A. The MTT assay. The toxicity was accessed by measuring cell death using the MTT assay. B. LDH release assay. For each group was standardized with the respective control and results were as the mean ± S.E.M., n = 6, ***P<0.001, compared with the DMSO group.

Effect of vasodilation and anti-hypertension

Compound 1 could diastole aortic rings with endothelium after stimulated by PE (10−6 mol·L-1) in a dose-dependent manner as well as the IC50 (Concentration necessary to reduce maximal phenylephrine induced contraction by 50%) was 1.129×10–9±0.5025 (Fig 3A).

Fig 3. Effect of vasodilation and anti-hypertension.

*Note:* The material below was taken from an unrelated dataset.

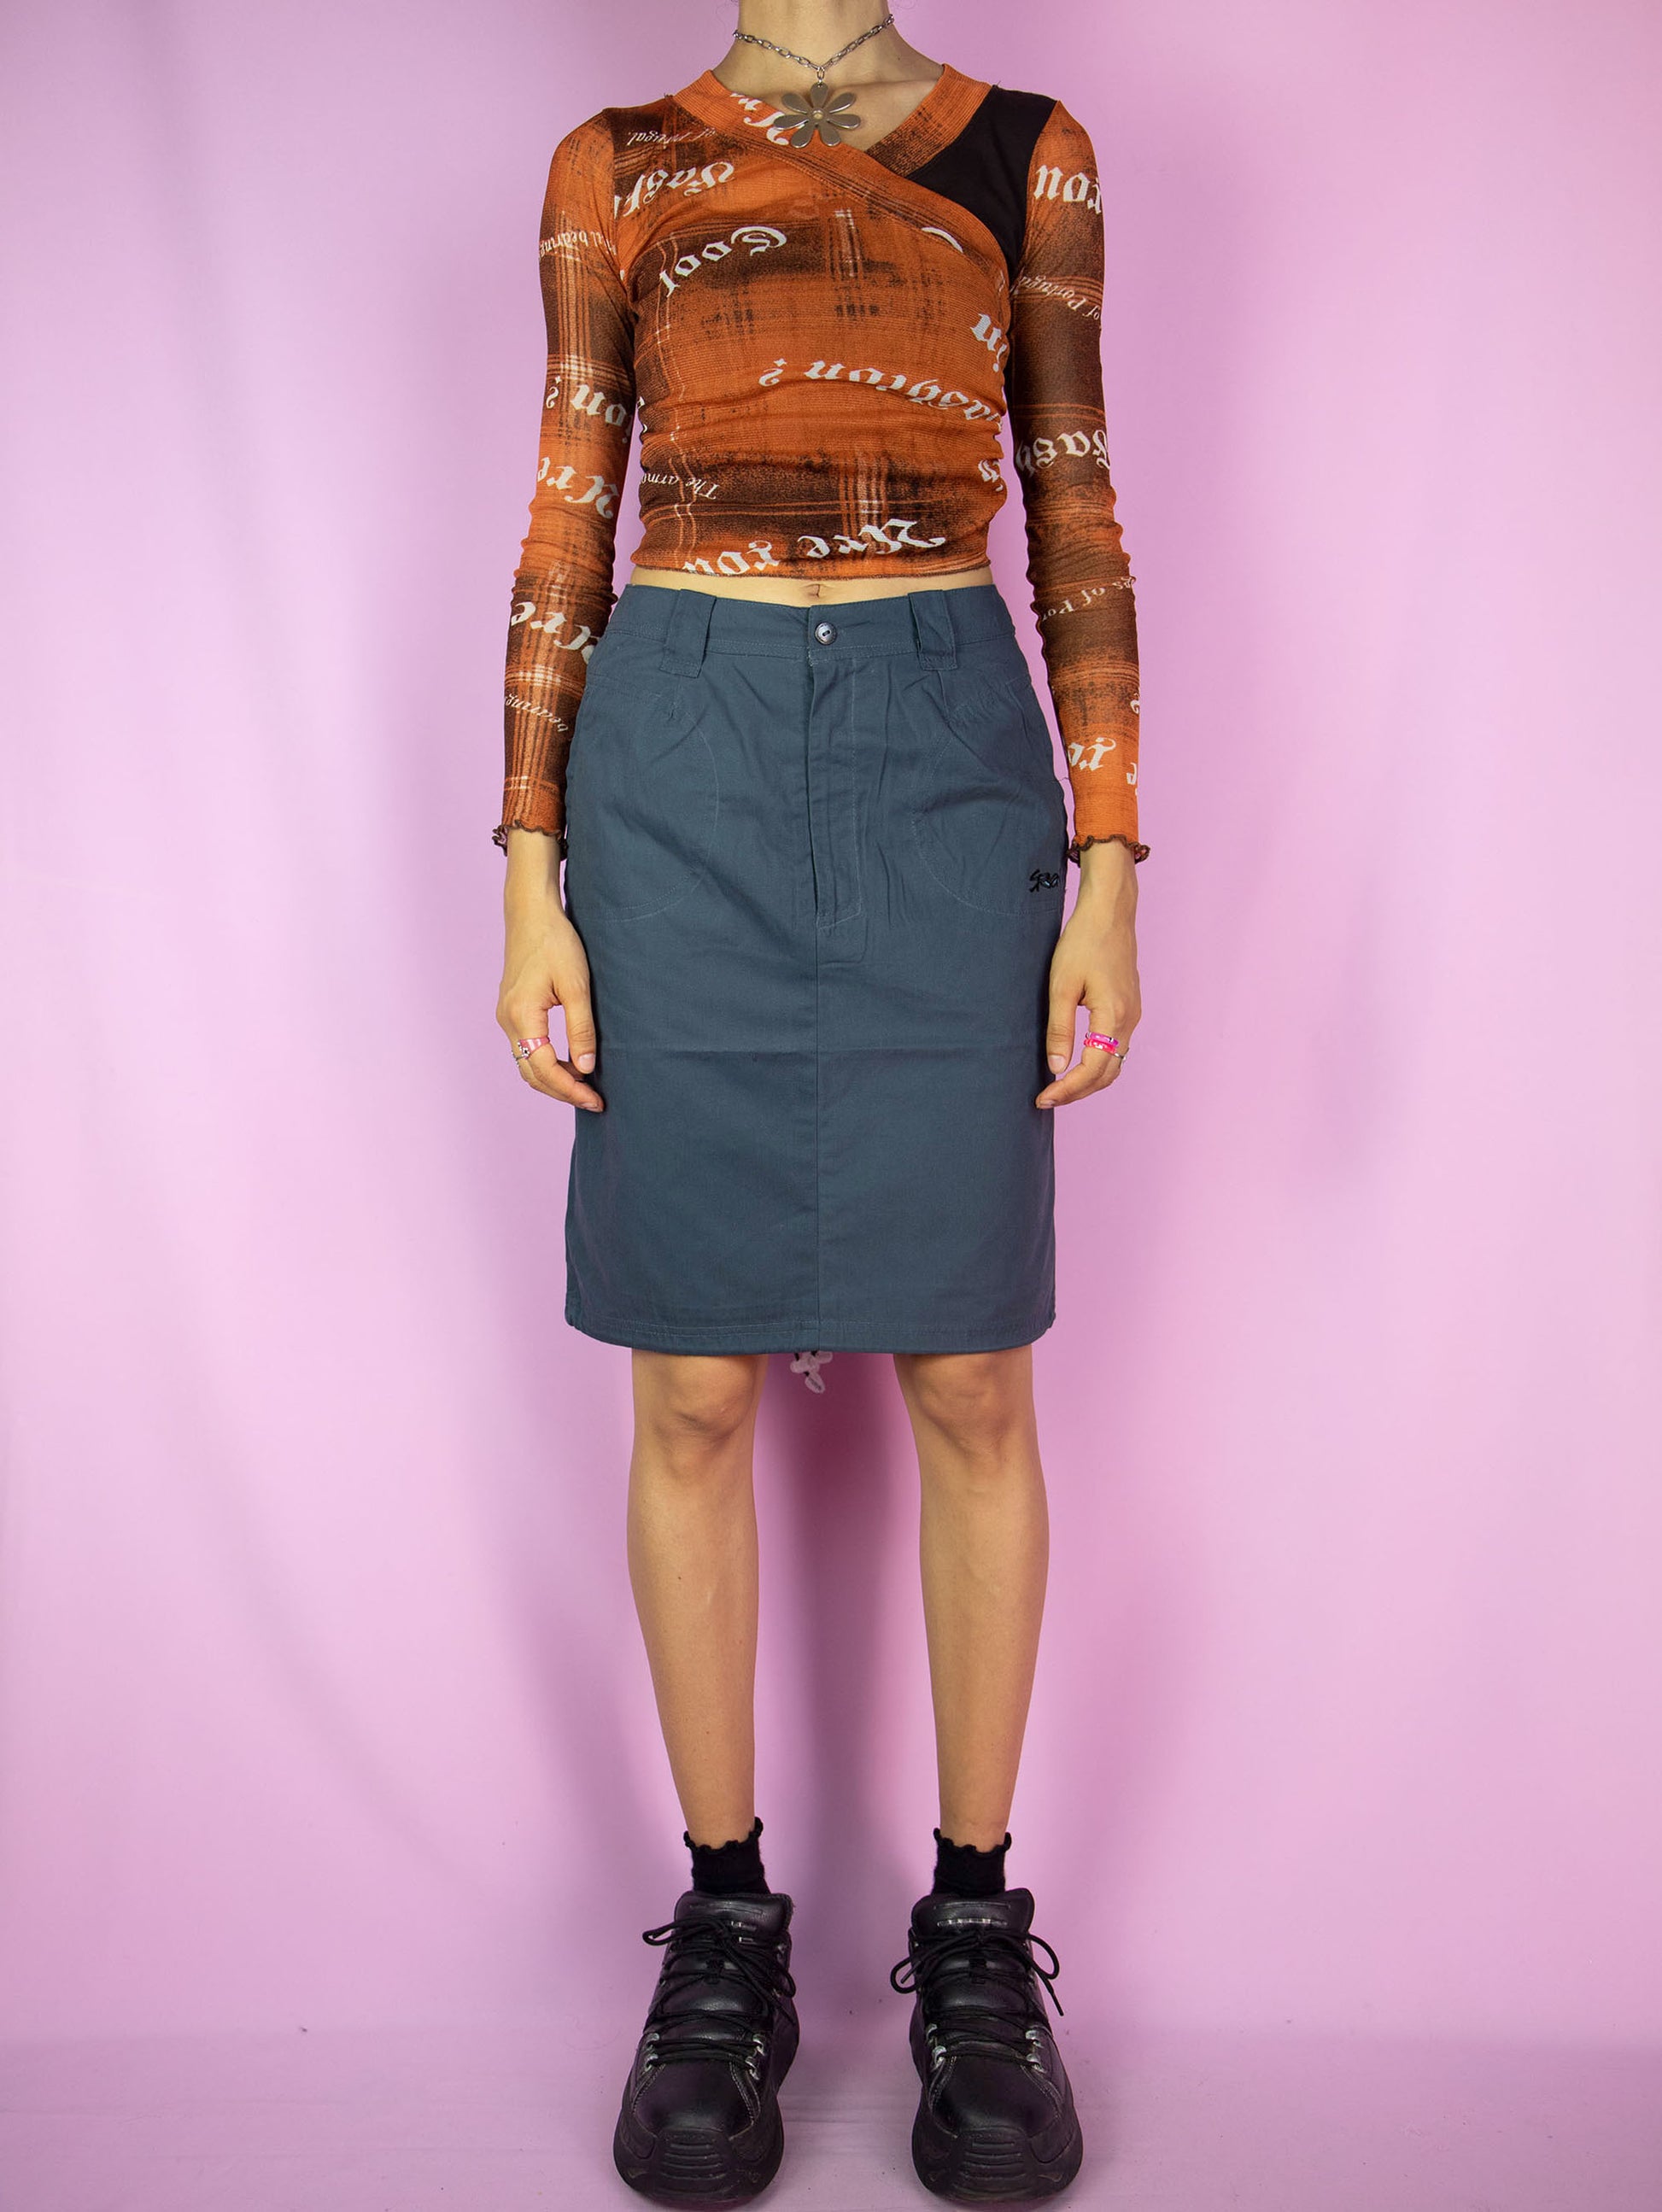 The Vintage Y2K Blue Utility Skirt is an asymmetric dark blue-gray cargo skirt equipped with pockets and a back slit, featuring a zipper. This cute cyber grunge gorpcore technical mini skirt perfectly captures the style of the 2000s.

A. Cumulative concentration of compound 1-induced relaxation precontracted with 1 μM PE in rat aortic rings with functionally intact endothelium. Means ± S.E.M, n = 6 rings,***P<0.001vs Ethanol control group. B. The reduction rate of systolic blood pressure (SBP). C. The reduction rate of heart rate. Results are presented as mean ± S.E.M., n = 6, *P<0.05, **p<0.01vs SHR group. D. The different effect between compound 1 and natural hirsutine relaxation. Results are presented as mean ± S.E.M., n = 6, *P<0.05 compared with compound 1 group.

In vivo study, systolic blood pressure (SBP) and heart rate (HR) were recorded for 1h and baseline parameter before injecting compound 1 (5,10,20 mg·kg-1) were considered with 100% of activity. There is a significant reduction in SBP and HR during the first 0.5h after administrating 20mg/kg compound 1 and the anti-hypertensive effect of compound 1 was slowly and continuously get to the basal line (Fig 3B and 3C).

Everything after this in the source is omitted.